The global wealth of HNWIs, meanwhile, grew 3.6 per cent to $27.2 trillion, with just under 200,000 people around the world joining the ranks of HNWIs.

"The number of high net worth individuals globally grew 2.1 per cent to 7.3 million at the end of 2002. This was the lowest growth rate in the last six years," said Sehgal.

Interestingly, for the first time in the last six years, the wealth of North American high net worth individuals declined by 2.1 per cent.

In the United States, there were an estimated 2,000,000 high net worth individuals at the end of 2002, down a net 100,000 people compared to 2002, largely due to declines in the US equities markets.

The wealth of the estimated 20 million people of Indian origin spread across the globe is $300 billion. High net worth individuals make up around $100 billion of this. The number of high net worth individuals in China was 210,000 at the end of 2002.

"The above average growth in the Asia Pacific region was supported by relatively high saving rates and robust GDP growth in key regional economies like China, South Korea and Australia," Sehgal was quoted as saying. "HNWIs in the region also responded quickly to insulate their financial wealth against new market realities and build diversified portfolios."

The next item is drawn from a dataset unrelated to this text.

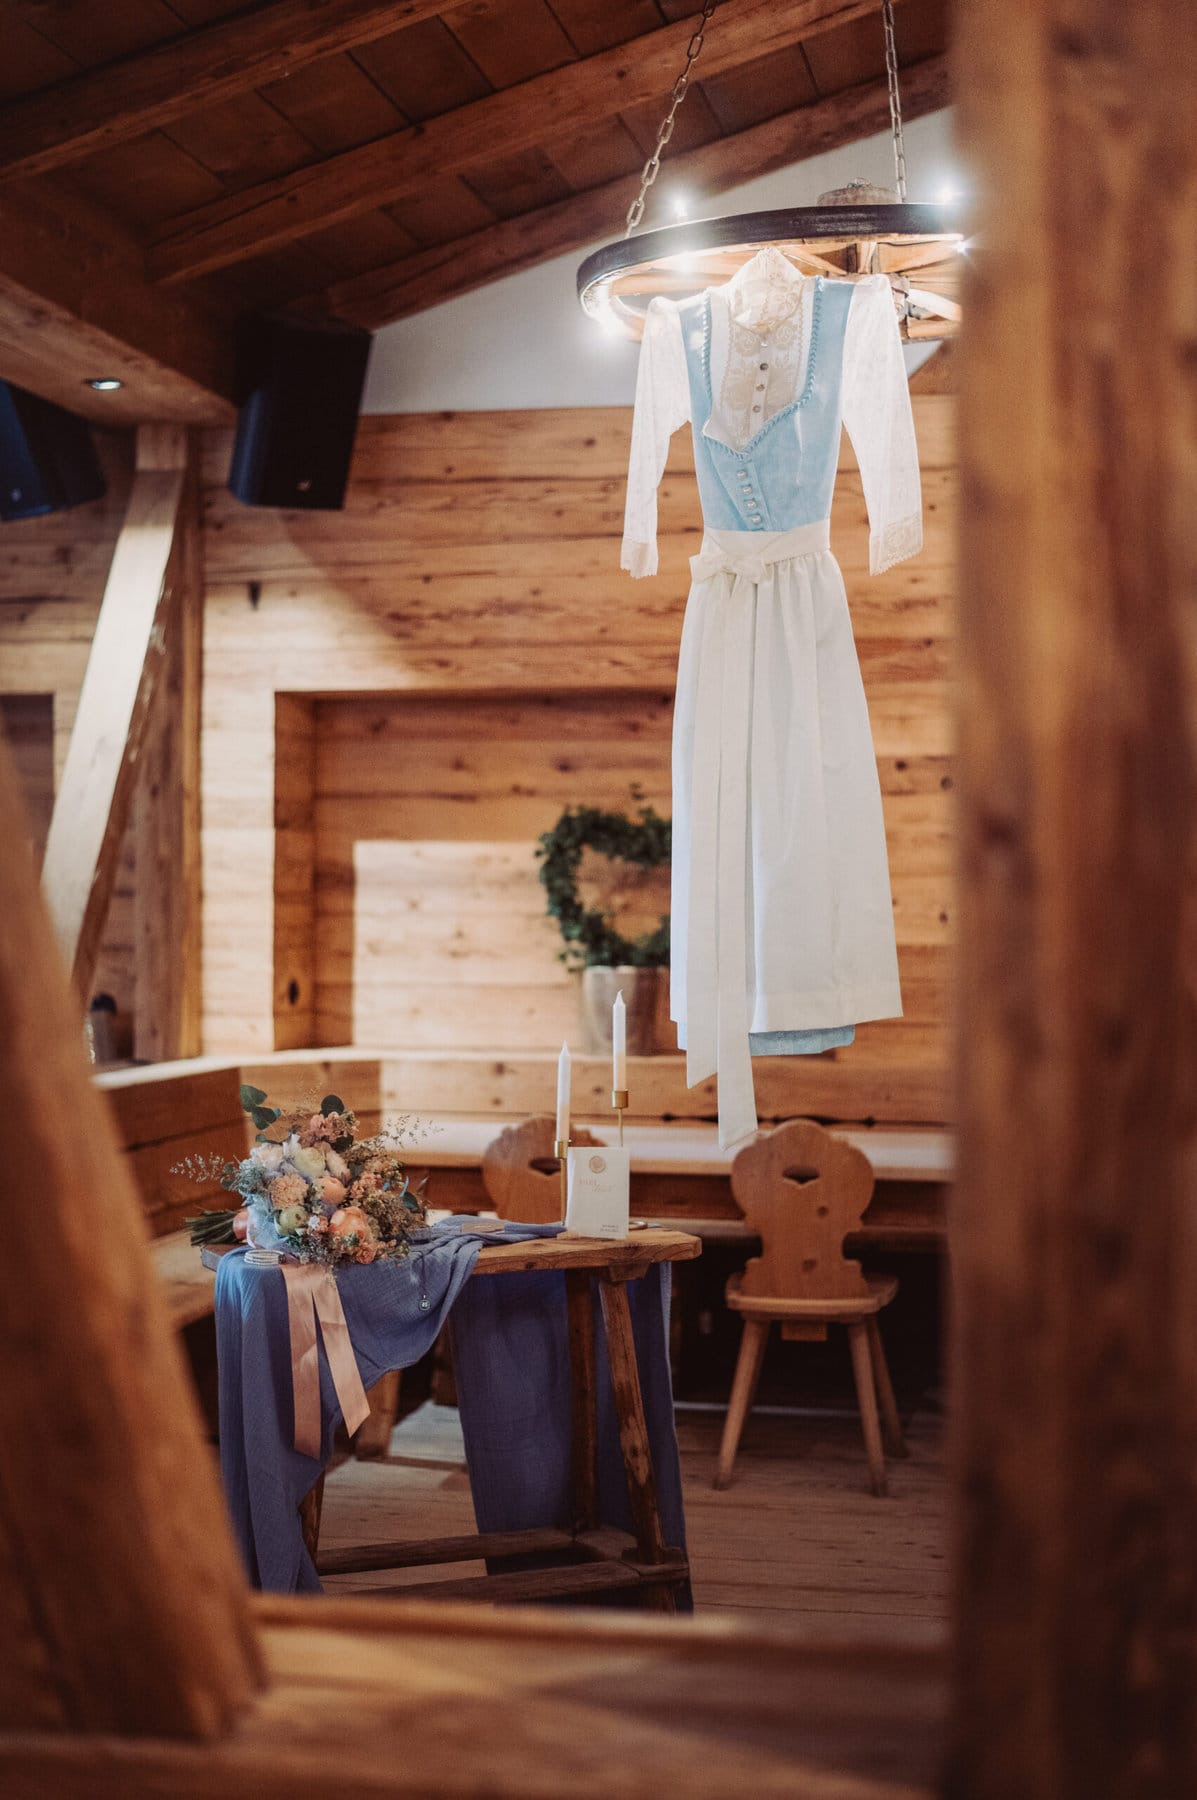 Das Getting Ready der Braut auf der Meckatzer Sportalp. In einem Raum aus Holz hängt das Shooting-Kleid der Braut. Nebenan steht ein Beistelltisch mit ihrem Brautstrauß.

According to the report, the majority of HNWIs accepted the reality of the economic environment by insulating their existing financial assets and pursuing more conservative wealth preservation objectives.

"While many HNWIs held onto existing equity positions, they collectively avoided funneling new income into the stock markets and increased their holdings in fixed income and cash and also diverted funds to alternative investments, real estate and other investments less correlated to equities," the report noted. "The investor mantra became 'cash (and fixed income) is king'."

"India is a contrast to the West in many ways. The savings rate is upwards of 24 per cent. Indians are typically conservative and invest in fixed deposits and provident funds. Also, the traditional bastion of wealth was with the promoters of companies, who are now being replaced by sportspersons, technology professionals and film stars among others," said Nikhil Kapadia, head of DSP Merrill Lynch's private client group.

Equity as a component of wealth was only 3 per cent, said Pradeep Dokania, executive vice-president of DSP Merrill Lynch.

Sehgal said the wealth of high net worth individuals was estimated to grow 7 per cent annually over the next five years and touch $38 trillion by the end of 2007. This would be on the back of containment of terrorism and other factors, he pointed out.